I suspected as much - at least the virtualized part…

I am a bit familiar with Hetzner, I helped a guy here set up his Proxmox server on Hetzner, and inside that, we installed NethServer…
We had a total of 8 usable IPs, we had to “waste” one as a router IP, for the rest of a subnet.
Hetzner knew we intended to install Proxmox (They even support that!), but the allocated IPs weren’t optimal. We even had to return one IP in not being usable, due to routing constricts…

Where does this come from? /etc/cloud/
Normally, there’s no such folder in NethServer.

I assume you installed Centos7, and on top of that then NethServer.

Does your server have one or two NICs?

If you prefer, you can send me the IPs involved in Hetzners config by PM, so as not to publicly expose unneeded information…
172.31.1.1/32

This does NOT seem logical, wrong subnet (/32 is a single host, no routing possible…)

Maybe this helps, it did for me (different case)…
https://wiki.nethserver.org/doku.php?id=virtual_network_interface&s[]=dummy

My 2 cents
Andy

pike · August 3, 2020, 3:19pm

two. Router and Broadcast, pal

Andy_Wismer · August 3, 2020, 3:24pm

@pike

No: besides the two obvious ones!

We had three isolated, routable IP, and a small subnet of 8 (6 usable!).
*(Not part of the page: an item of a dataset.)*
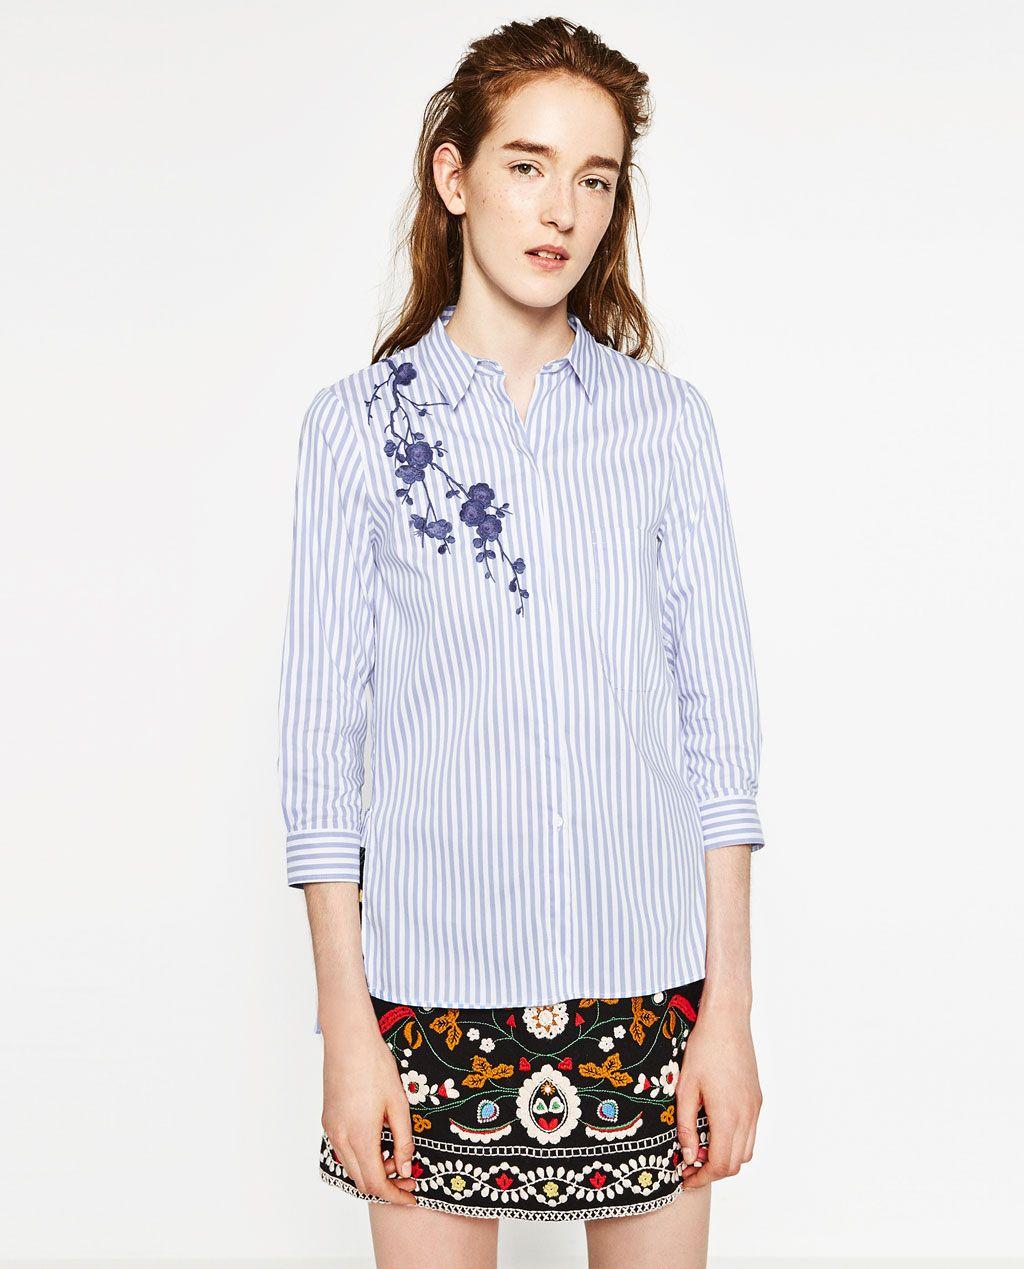 Image 2 Of EMBROIDERED SHIRT From Zara | Zara | Pinterest | Zara United States Zara Women And Woman

Only one IP was directly usable, Hetzner defined that all traffic had to come from this IP - they only support “routed” networking in Proxmox, no MAC-Addr and promiscious mode…

That meant one of the three isolated IPs was per se unusable.
One we had to use for internal routing.

Andy

djx · August 3, 2020, 5:08pm

Thanks for the follow-up

Both of these come from Hetzner’s documentation on how to configure a static ip:
https://docs.hetzner.com/cloud/servers/static-configuration/

I asked them a more general question about if they plan to support a more standard approach to virtualizing network cards instead of requiring special configuration. They simply said:

there are scripts installed which help configuring attached networks automatically. Those can be removed by removing the package “hc-utils”. If this is gone the network configuration is handled by cloudinit as usual.

Thanks to @mrmarkuz (in a separate thread), it was actually related to my DNS configuration pointing to 127.0.0.1 somehow. I’m not sure how it got set this way.

djx · August 5, 2020, 12:39pm

Looks like I marked this as closed prematurely.
After a restart I am getting this same issue again: interface-update seems to stop processing scripts after S30.

Some notes:

S30 is showing in /var/log/messages as completed successfully
There are no messages after this about other scripts failing
when I manually run the script for static routes it generates the configuration file with no problems
ps -C shows signal-event sitting there with 0 cpu usage (what is it waiting for?!)

So the general question is: how can I do a more detailed step-through of a signal-event call to see which step it fails on without manually editing the template files to report their status to a log?

djx · August 8, 2020, 5:23pm

The only “solution” I found was to make some intermediate events like “S31log” that just uses the logger to write an “I’m here!” message to /var/log/messages.